### THE DATA
┌────────

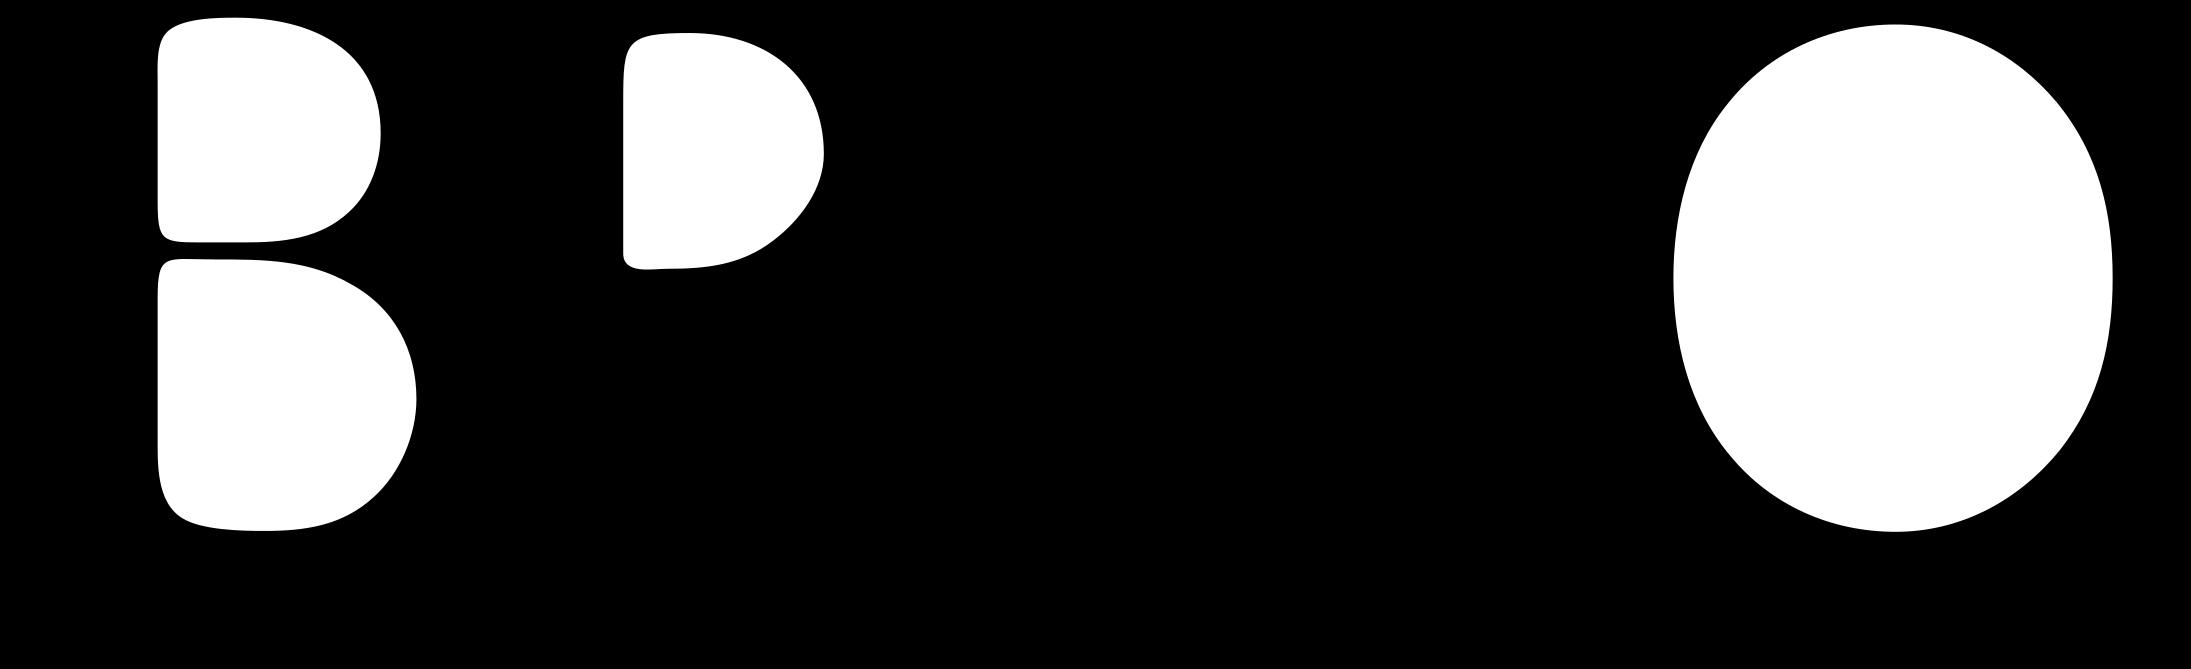 Bravo logo clipart banner black and white download Bravo Logo Transparent - Bravo Logo Clipart - Full Size Clipart ... banner black and white download
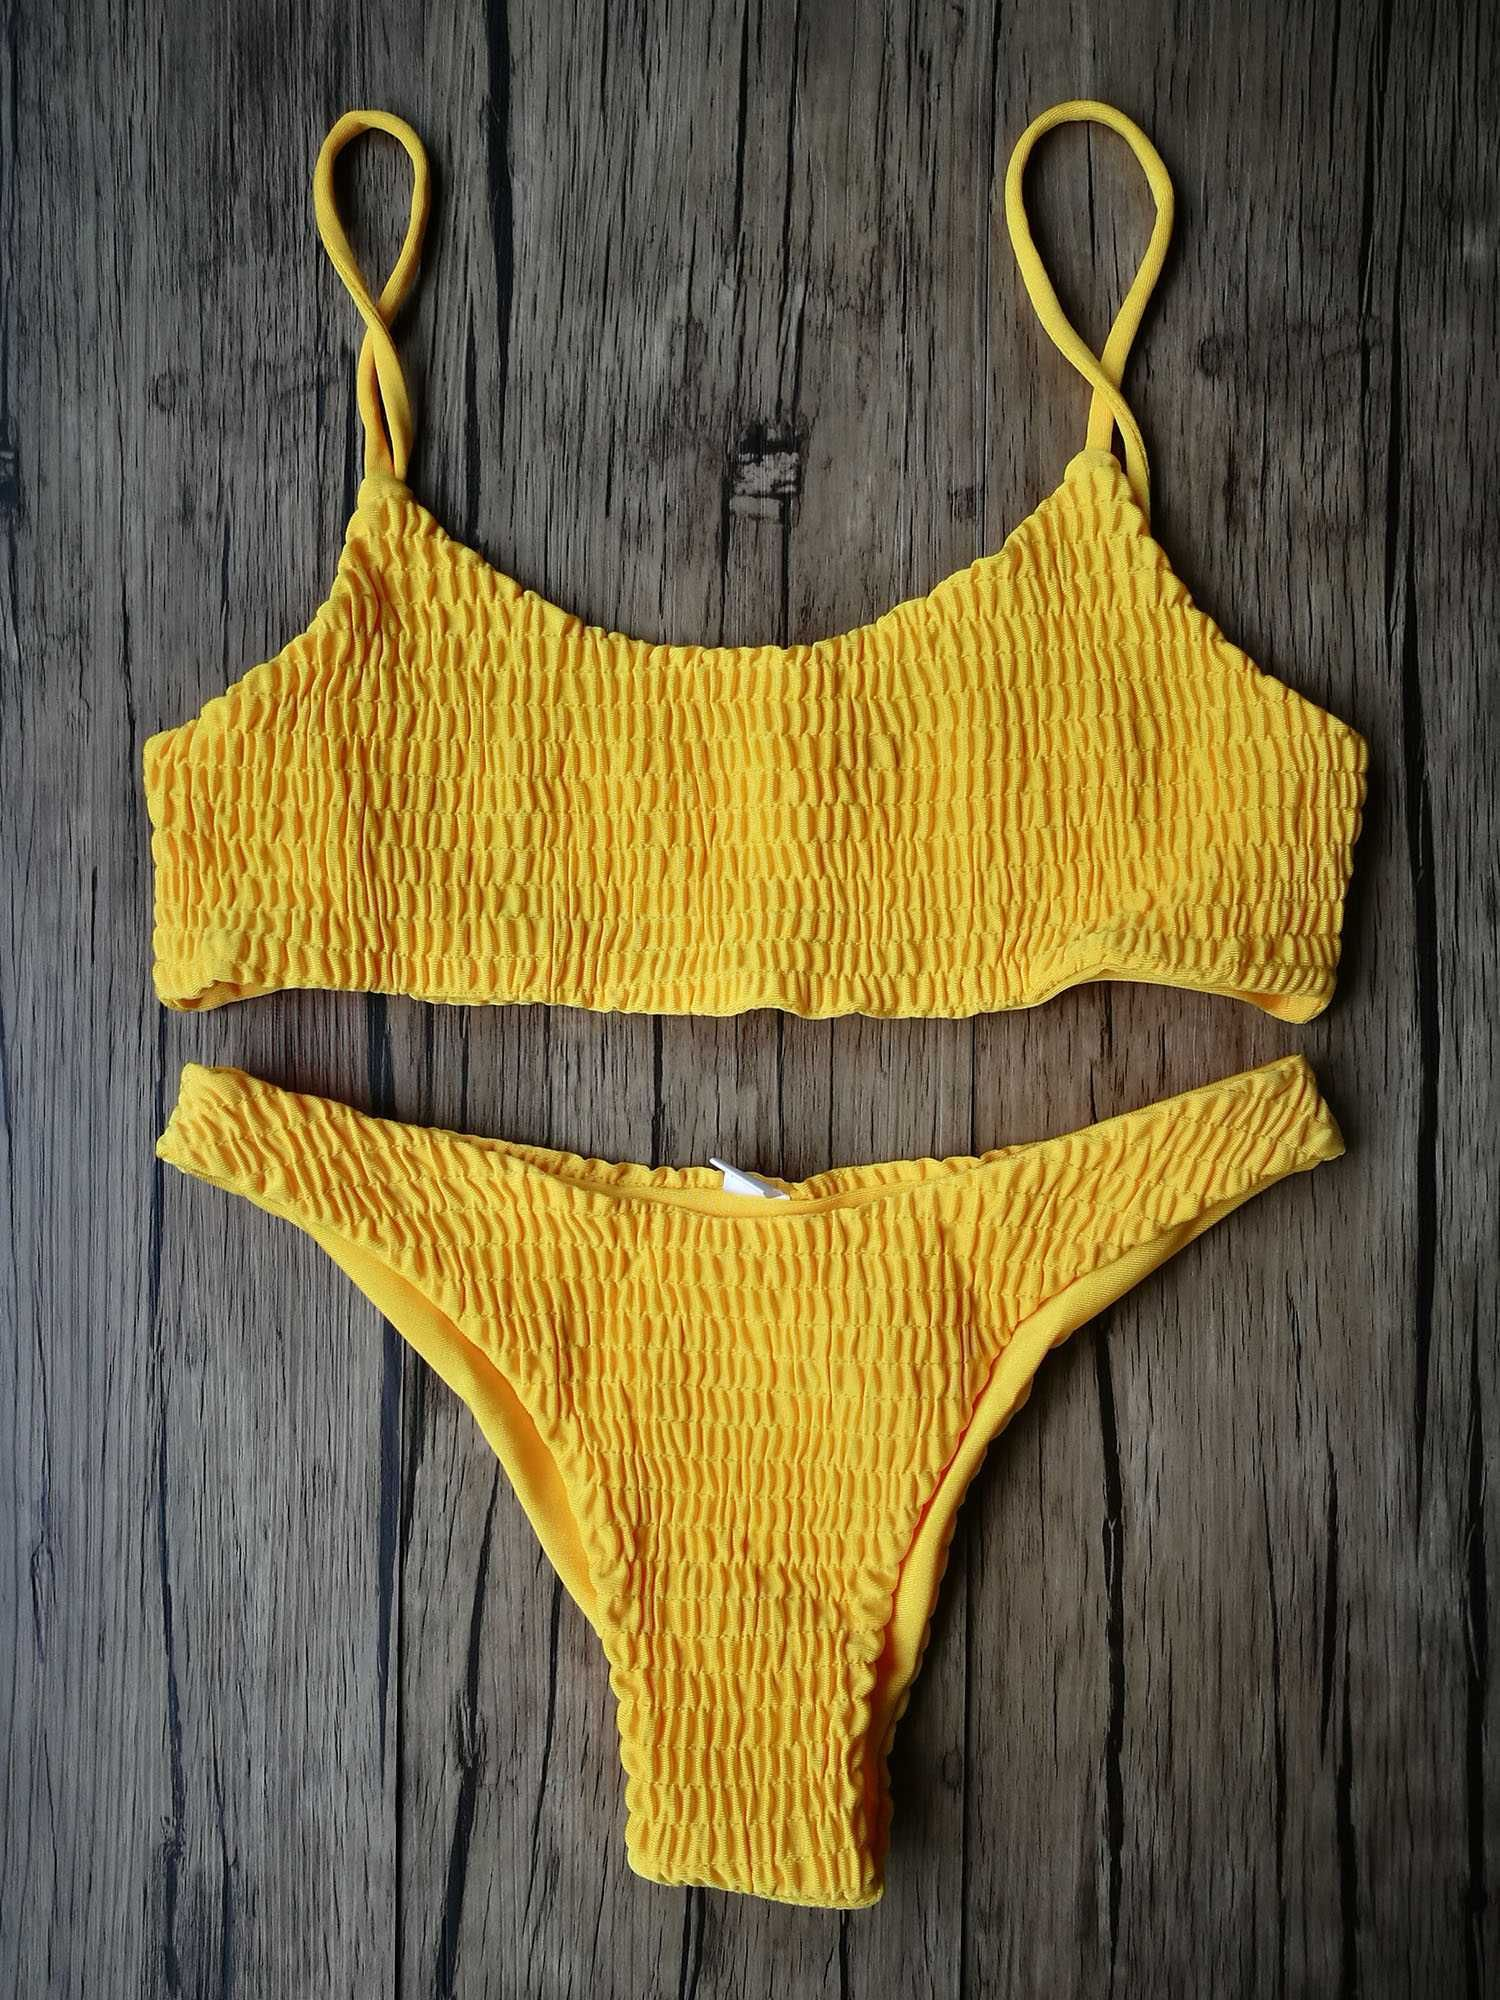 2bdb4c44d7 15% OFF resorts wear for womens swim. yellow bikini set mustard seamless bathing  suit crop top swimming clothes
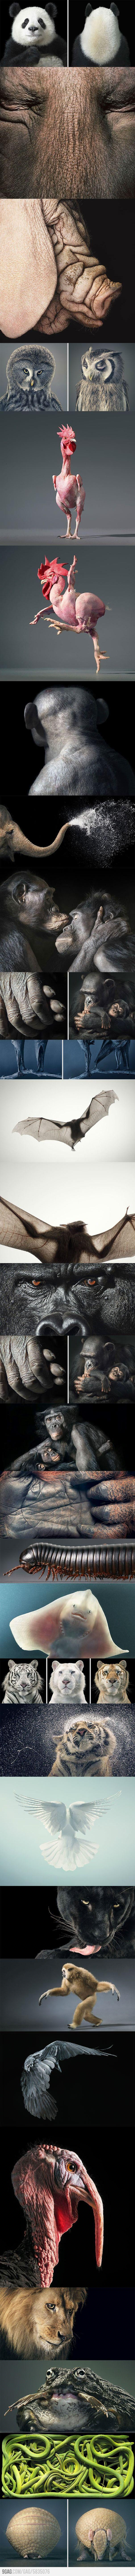 Mooie dierenplaatjes
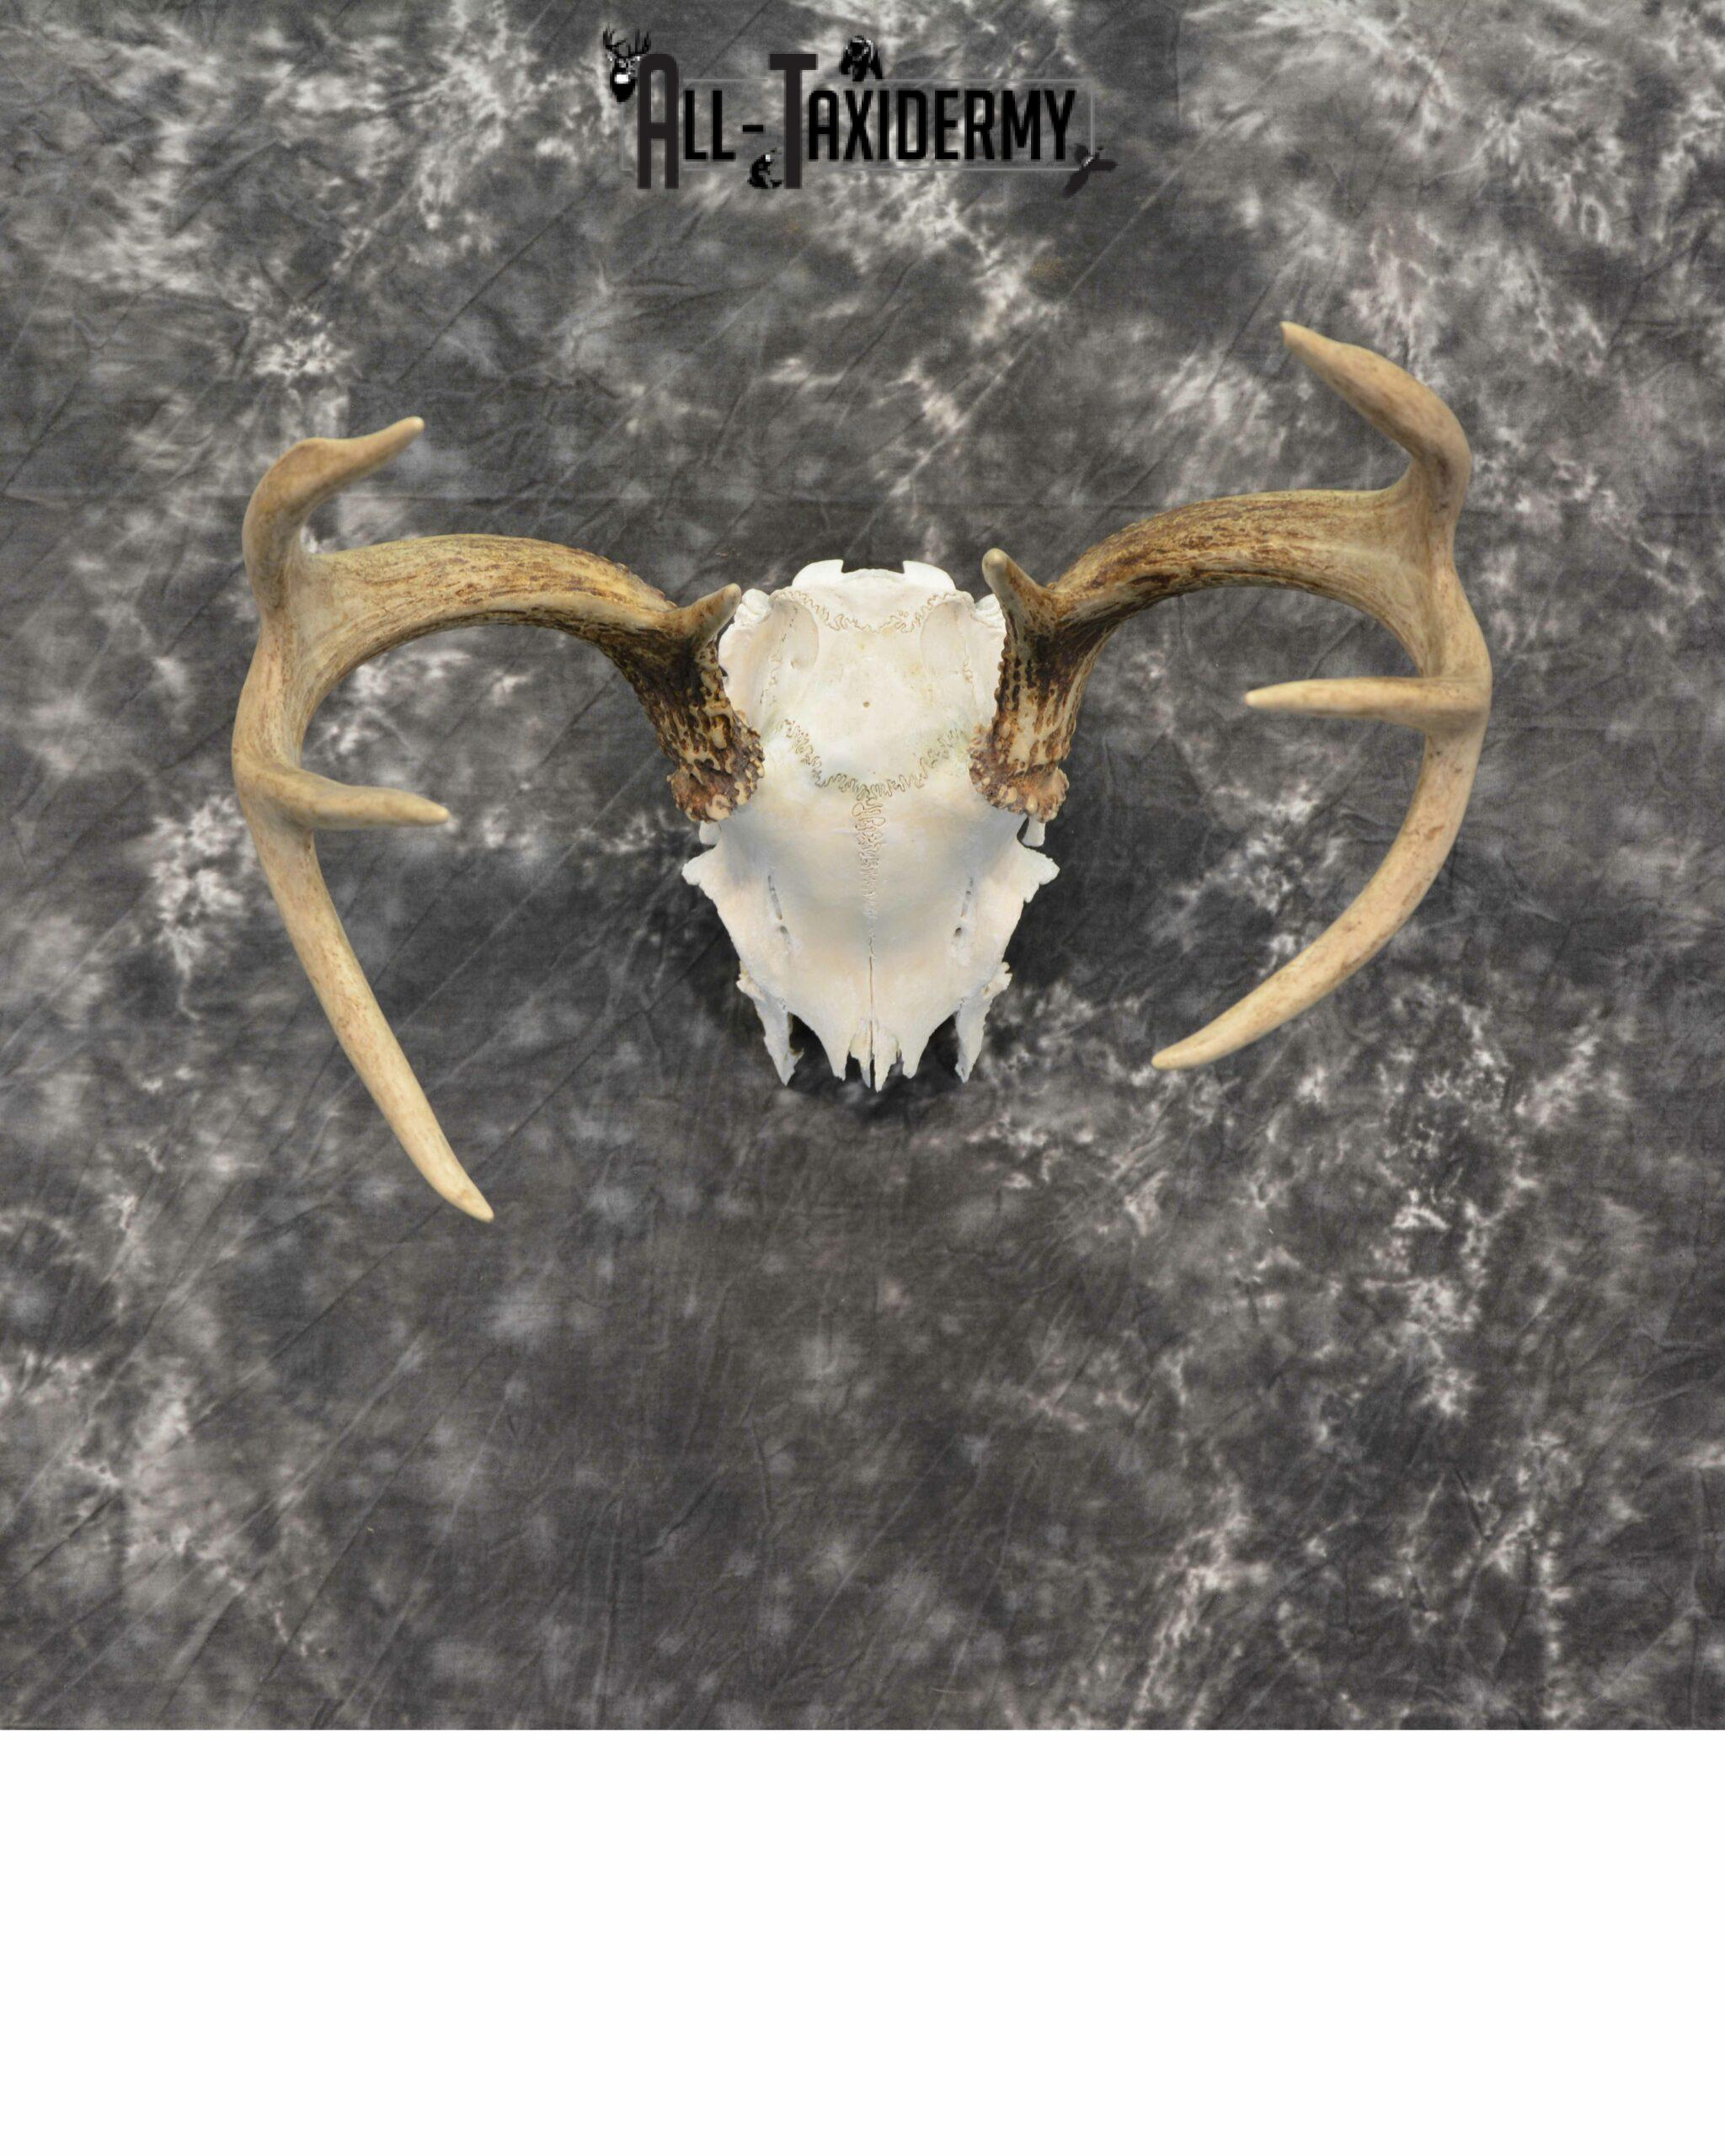 Whitetail Deer European Taxidermy mount for sale SKU 1037

└────────

### TASK BRIEF
The expected answer is the whole listing above, copied exactly, with images excluded.

### EXPECTED ANSWER
 Bravo logo clipart banner black and white download Bravo Logo Transparent - Bravo Logo Clipart - Full Size Clipart ... banner black and white download
 2bdb4c44d7 15% OFF resorts wear for womens swim. yellow bikini set mustard seamless bathing  suit crop top swimming clothes
 Mooie dierenplaatjes
 Whitetail Deer European Taxidermy mount for sale SKU 1037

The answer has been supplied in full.